The procedure for calculating the substitution rates was based on that described in our previous studies (Kuo and Ochman, 2009; Kuo et al., 2009). Briefly, the homologous protein sequences were aligned by using MUSCLE v3.8.31 (Edgar, 2004). The protein alignments were converted into codon-based nucleotide alignment using PAL2NAL v14 (Suyama et al., 2006), which were then processed using the YN00 method (Yang and Nielsen, 2000) implemented in PAML v4.9h (Yang, 2007). To identify the homologs of selected marker genes in other more divergent phytoplasmas, the full gene sequences were used as queries to run BLASTN searches against available genomes. After the homolog identification, multiple sequence alignments were performed using MUSCLE (Edgar, 2004) and the newly designed primers (Table 2) were examined manually to check if these primers could work on other phytoplasmas.
Results and Discussion
Genome Characteristics
Among the 11 phytoplasma genomes included in this study, four have the complete chromosomal sequence available while the other seven are draft assemblies with varying levels of completeness (Table 1 and Figure 1). For those incomplete genomes, the true genome sizes are difficult to determine. Nonetheless, the largest (i.e., OY-M; 853 kb) and the smallest (i.e., MBSP-M3; 576 kb) genomes in this data set are both completed assemblies, confirming the high level of genome size variation among these closely related strains. The total number of CDS is strongly correlated with the genome size (r = 0.92, p = 2.7e–5). However, the number and proportion of pseudogenes varied widely among these genomes. For example, the strains AYWB and NJAY have a genome-wide ANI of 99.7% (Figure 2A), yet the proportion of pseudogenes are 17 and 41% (Table 1), respectively. In another case, DY2014 and OY-V have a genome-wide ANI of 99.4%, yet the proportion of pseudogenes are 8 and 25%, respectively. Although these differences may reflect true biological processes, such as elevated mutation accumulations that have occurred in the evolutionary history of some strains, it is also possible that these differences may be explained by artifacts. Regarding the sequencing methods, AYWB was based on Sanger sequencing (Bai et al., 2006) and DY2014 was based on Illumina (Cho et al., 2019b), while NJAY was based on one single Roche/454 library (Sparks et al., 2018) and OY-V was based on one Illumina paired-end library and one Roche/454 GS FLX mate-pair library (Kakizawa et al., 2014). Due to the low GC-content of these genomes (i.e., ∼27–28%), it is plausible that sequencing errors in homopolymeric regions, particularly those errors originated from the 454 sequencing technology, may have contributed to the high numbers of pseudogenes with frameshift mutations in NJAY and OY-V. Moreover, assemblies that are more fragmented may also have more partial genes located at the ends of contigs. Due to these concerns, all pseudogenes were included in the gene-centric investigation of this study.

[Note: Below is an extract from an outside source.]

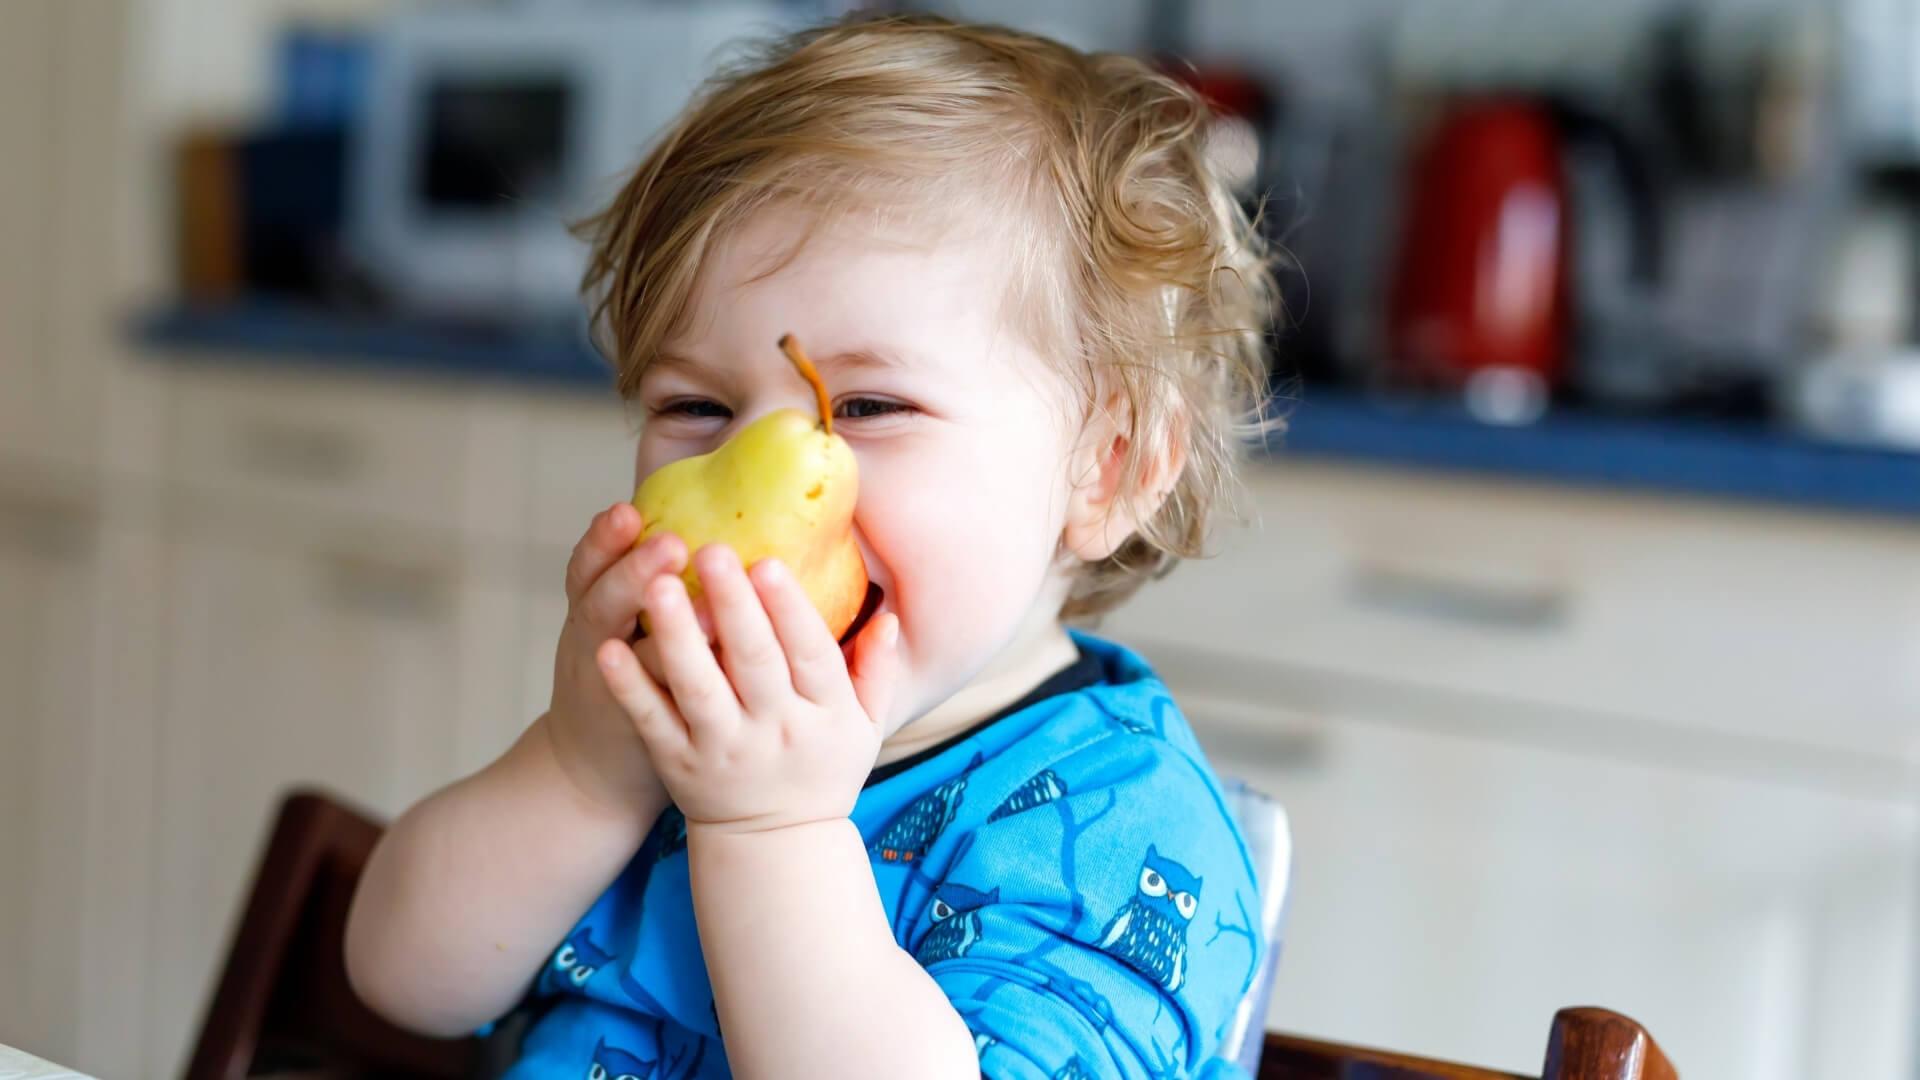 bambino che mangia una pera assaporandone il gusto

Figure 1. Maximum likelihood phylogenies. The numbers on the internal branches indicate the level of bootstrap support based on 1,000 resampling; only values ≥60% are shown. (A) 16S rRNA genes. The alignment contains 1,541 aligned nucleotide sites. The strain name, locus tag of the 16S rRNA gene (in parentheses), and the 16SrI subgroup classification (in square brackets) are labeled. A question mark ‘?’ in the subgroup classification indicates that the sequence is classified as a new subgroup, the existing subgroup with the highest similarity is provided. (B) Single-copy coding genes shared by all strains. The concatenated alignment contains 303 genes and 291,990 aligned nucleotide sites. (C) 16S rRNA gene and the five markers developed in this study; see Table 2 for detailed information. The concatenated alignment contains 4,995 aligned nucleotide sites.
Figure 2. Pairwise genome similarities. The strains with the complete genome sequences available are highlighted in bold. (A) Similarity scores based on whole genome comparisons. Above diagonal: average nucleotide identity (%); diagonal: genome size (kb); below diagonal: genomic segments mapped (%). (B) Similarity scores based on genic regions. Above diagonal: genic sequence identity (%); diagonal: number of homologous gene clusters; below diagonal: homologs shared (%).
Classification of the 16SrI Phytoplasmas Analyzed
The 16SrI subgroup assignments of these strains were mostly consistent with those reported in literature but there were a few surprises (Figure 1A). First, WBD was reported as a 16SrI-B strain (Chen et al., 2014). However, our examination of the sequence record deposited in GenBank revealed that the two copies of 16S rRNA genes in this genome differ by 4-bp, and iPhyClassifier (Zhao et al., 2009) assigned these two sequences to 16SrI-R and 16SrI-S, respectively. Results from molecular phylogeny also support that these two sequences form a clade that is distinct from other 16SrI-B sequences. Second, DY2014 has two 16S rRNA genes that differ by 1-bp. While one was assigned to 16SrI-B, the other was identified as being a new subgroup with a RFLP pattern most similar to 16SrI-B. Finally, TW1 has two sequences that differ by 12-bp, with one assigned to 16SrI-A and the other assigned to 16SrI-B (Town et al., 2018).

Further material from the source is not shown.